The People of the State of New York, Respondent,
v
Ramon Alcequier, Appellant.

—[*1] Richard M. Greenberg, Office of the Appellate Defender, New York (Eunice C. Lee of counsel), and Simpson Thacher & Bartlett, LLP, New York (Jessica A. Murzyn of counsel), for appellant.

Robert M. Morgenthau, District Attorney, New York (Vincent Rivellese of counsel), for respondent.

Judgment of resentence, Supreme Court, New York County (Bruce Allen, J.), rendered June 6, 2006, resentencing defendant upon his conviction, after a jury trial, of criminal sale of a controlled substance in the first degree and two counts of criminal sale of a controlled substance in the second degree, as a second drug felony offender, to concurrent terms of 12 years, six years and six years, respectively, unanimously affirmed.

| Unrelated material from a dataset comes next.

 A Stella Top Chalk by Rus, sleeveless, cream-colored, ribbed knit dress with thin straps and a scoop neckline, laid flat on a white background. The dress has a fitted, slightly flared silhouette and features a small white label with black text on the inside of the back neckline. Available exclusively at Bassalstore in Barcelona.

In 2000, defendant was sentenced on the instant conviction to an aggregate term of 15 years to life. Although it is undisputed that defendant had been convicted of a drug felony in 1997, the People expressly declined to file a predicate felony statement at the 2000 sentencing, explaining that the prior conviction would have no effect on defendant's aggregate sentence.

In 2006, defendant successfully moved for resentencing pursuant to the 2004 and 2005 Drug Law Reform Acts (L 2004, ch 738; L 2005, ch 643). At resentencing, the People filed a predicate felony statement based on the 1997 conviction. The court adjudicated defendant a second felony drug offender and sentenced him to the minimum terms available for such an offender.

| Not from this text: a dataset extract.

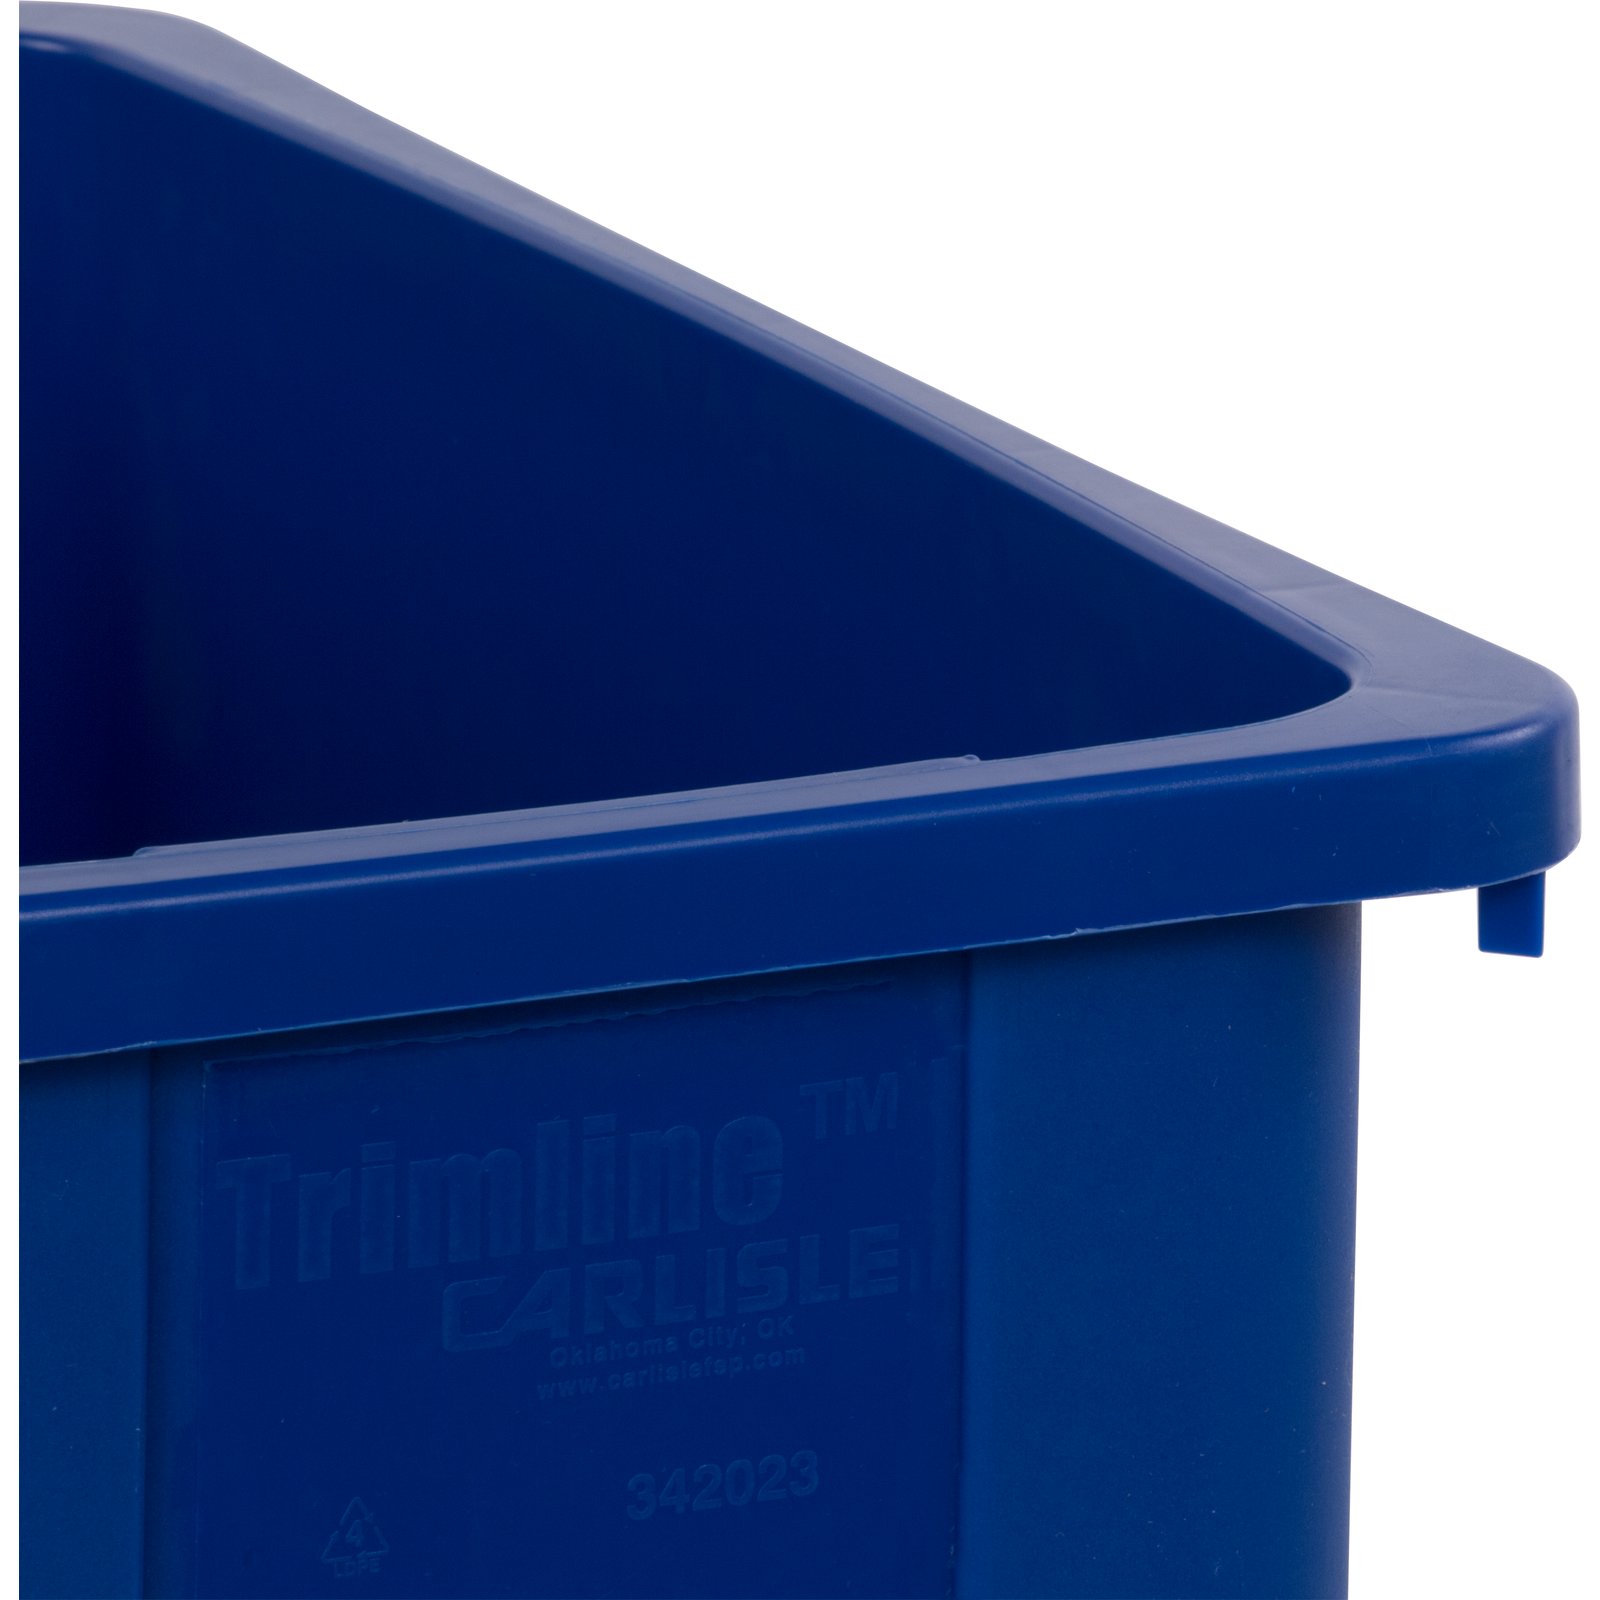 34202314 - TrimLine™ Rectangle Waste Container 23 Gallon - Blue

The court correctly concluded that it would be unlawful to sentence defendant as a first felony offender, and there is no merit to defendant's suggestion that the court had discretion to do so. Penal Law § 70.71 (3) (b) requires enhanced sentences for second felony drug offenders who have been adjudicated as such "pursuant to the provisions of section 400.21 of the criminal procedure law." The mandatory nature of these sentencing provisions was triggered by defendant's 1997 conviction. CPL 400.21 (2) required the People to file a predicate felony statement with the court prior to sentencing, and their failure to do so at the original sentencing proceeding is irrelevant (see People v Scarbrough, 66 NY2d 673 [1985], revg on dissenting mem of Boomer, J., 105 AD2d 1107, 1107-1109 [1984]; cf. People v Singleton, 40 AD3d 502 [2007]). Defendant's request for resentencing placed the case in a procedural posture that required the People to file a predicate felony statement (compare People v Medina, 35 AD3d 163 [2006], lv denied 8 NY3d 925 [*2][2007] [untimely resentencing application by People]), and the court had no legal basis upon which to sentence defendant as a first felony offender. Concur—Andrias, J.P., Buckley, Catterson, Malone and Kavanagh, JJ.